How long will the baked goods last?
All of our Zingerman’s Bakehouse pastries and coffee cakes are baked with full-flavored ingredients, but without preservatives. The good news is we’ve done the hard work of tasting and testing to ensure that they can be enjoyed for weeks to come.
If enjoying soon, keep them at room temperature.
Each baked good will have an “eat or freeze by” sticker that is about two weeks from when the package ships out. If enjoying the treats within a week or so of delivery, they can be kept at room temperature in the packaging they arrived in or in a plastic bag. Avoid the refrigerator, it can ruin the texture.
If enjoying later, keep them in the freezer.
For longer term storage, all of our baked goods freeze well for up to three months. They can be stored in the freezer in their original packaging or, if they’ve been opened, double wrapped in plastic bags.
After the freezer, it is best to allow frozen pastries and coffee cakes to defrost slowly at room temperature in the packaging. That’s all–though with some pastries like scones, a little warm up in an oven will make them extra delicious.
Why is our Sour Cream Coffee Cake so great?
The classic American walnut sour cream coffee cake has been our top selling mail order baked good for three decades, almost since the day we turned on the phones at Zingerman’s Mail Order (long before the internet). What makes this cake so great?
The recipe
Zingerman’s coffee cake is made without icing. This makes it looks like an oddball compared to most coffee cakes out there. Nothing against icing, but too many times icing is a ruse. It’s an atmospheric distraction. It diverts your attention from the sub par ingredients that make up the land mass below. Plus, for many folks, me included, it’s too sweet.
Our coffee cake has just a hint of sweetness. It’s richly flavored with creamy sour cream, spiced Korintje cinnamon from Indonesia, and toasted walnuts. After you eat a slice it lingers in your memory.
The packaging
We pack the coffee cake in one of our illustrated cartoon boxes or in one of our wooden crates made by Wisconsin’s last cheese crate manufacturer. The packaging is fantastic for two reasons: it keeps the coffee cake from getting too jostled or smashed on the journey, and it makes for great gift presentation. Bonus points to those clever folks who re-purpose the boxes and crates for pet beds and other fun uses.
The pan
You can’t make the coffee cake without a bundt-style pan.
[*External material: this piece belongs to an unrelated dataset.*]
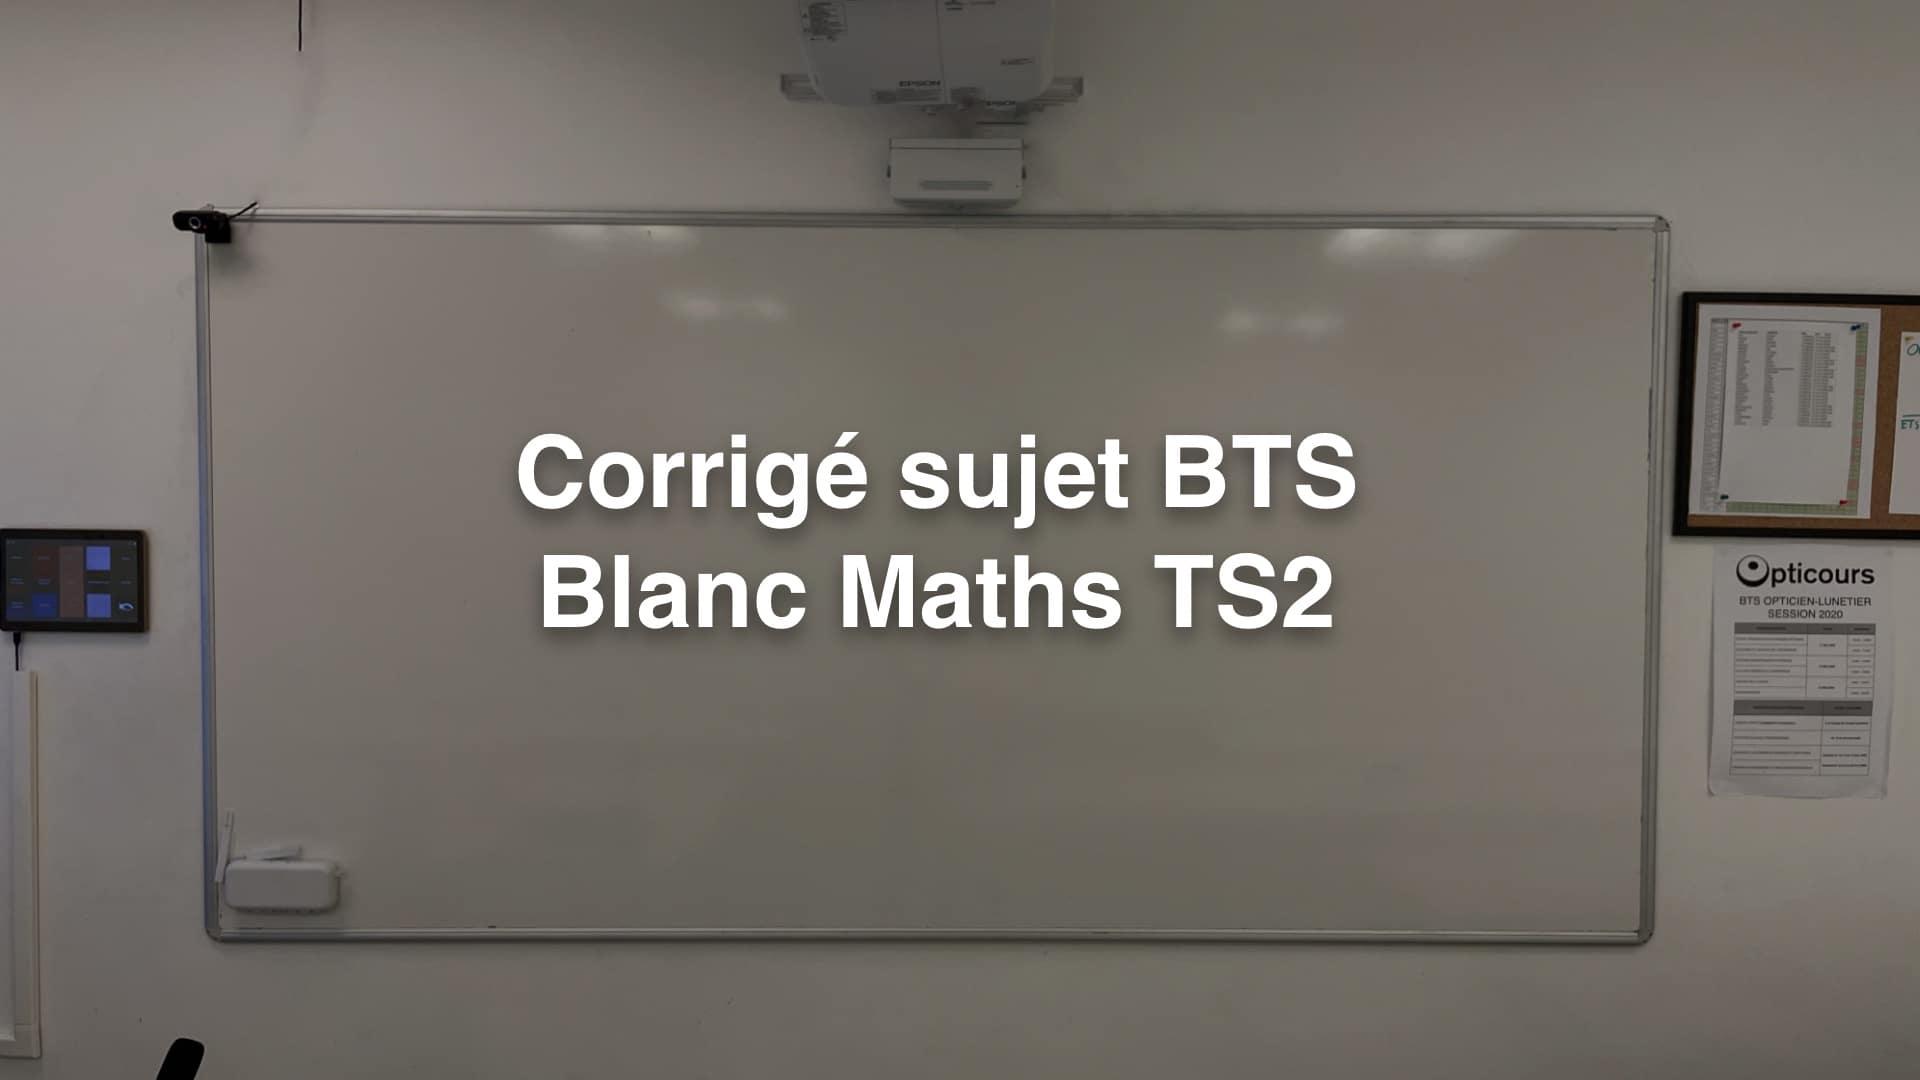 Corrigé sujet BTS Blanc Maths TS2

It’s the pan with the hole in the middle which conducts heat to the interior of the cake. The batter for a sour cream coffee cake is very dense. If the hole wasn’t there the middle would stay raw and collapse into a soggy puddle.
The pan was not a part of American baking until the second half of the twentieth century. H. David Dahlquist, founder of Nordic Ware in Minnesota, created it on the request of Rose Joshua and Fannie Schanfield, two members of Minneapolis’s Hadassah Jewish women’s group. They were nostalgic for dense European cakes like kugelhopf and bundkuchen. They showed Dahlquist a European pan with a hole in the middle and he recreated it to sell with his other baking equipment.
Within a decade it was the top selling pan in America. Three decades later, it was our top selling cake.